LLM Science Battle - Morphik Documentation

The world of science is moving at lightning speed. Every day, a tsunami of papers, articles, and reports crashes onto the digital shore, carrying vital discoveries: groundbreaking methods, critical experimental results, newly unveiled datasets, and the grand challenges they tackle. But this wealth of information is largely trapped in unstructured text. How can we possibly sift through it all, connect the dots, and accelerate the next big breakthrough?

Enter the AI heavyweights: Large Language Models (LLMs). We’ve seen them write code like seasoned developers, craft poetry that stirs the soul, and even ace tough exams. But can these powerful models navigate the dense, jargon-filled, and incredibly precise landscape of scientific literature? Can they learn to not just read science, but understand the relationships within it to build structured knowledge?

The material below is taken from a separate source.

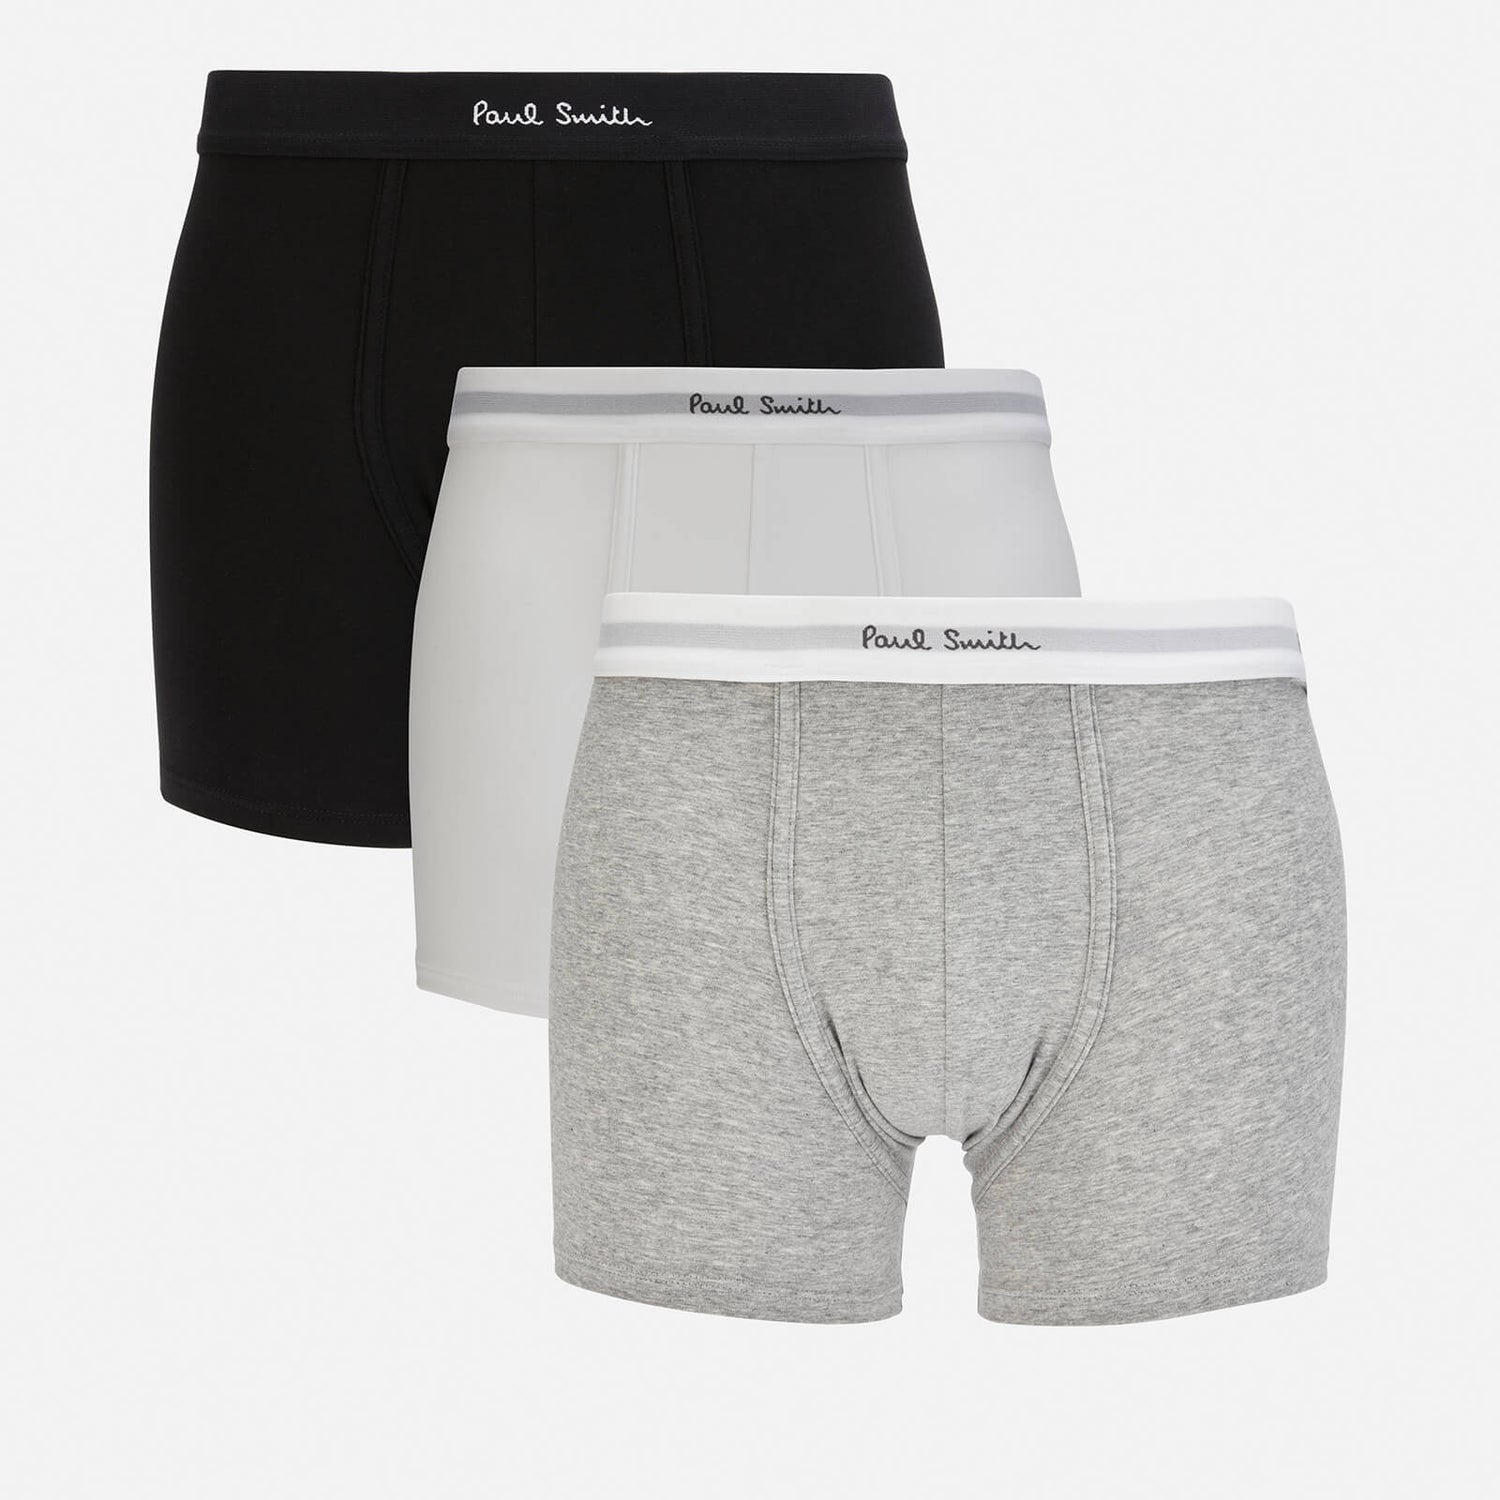 PS Paul Smith Men's 3-Pack Boxer Briefs - Black/Grey/White - S

That’s the million-dollar question we set out to answer, using the Morphik platform to orchestrate a head-to-head challenge.

We pitted three of today’s most talked-about LLMs against the complex task of extracting knowledge from scientific text:

OpenAI’s GPT-4o: The latest flagship, renowned for its multimodal prowess and sophisticated reasoning.
Google’s Gemini 2 Flash: A nimble powerhouse balancing speed and intelligence, built for real-world applications.
Meta’s Llama 3.2 (3B): A smaller but capable iteration of Meta’s hugely popular open-weight model family, pushing the boundaries of open-source AI.

Our mission: Evaluate their ability to perform Entity and Relation Extraction on scientific abstracts, leveraging Morphik to manage the entire workflow – from wrangling data and prompting the models to structuring their outputs and evaluating the results against a tough benchmark. Let’s see who comes out on top!

The Gauntlet: Turning Scientific Jargon into Actionable Knowledge Graphs

Imagine you’re reading a research paper abstract. Your expert eye quickly spots key terms: “ImageNet” (a Dataset), “Convolutional Neural Network” or “BERT” (Methods), “Image Classification” or “Named Entity Recognition” (Tasks).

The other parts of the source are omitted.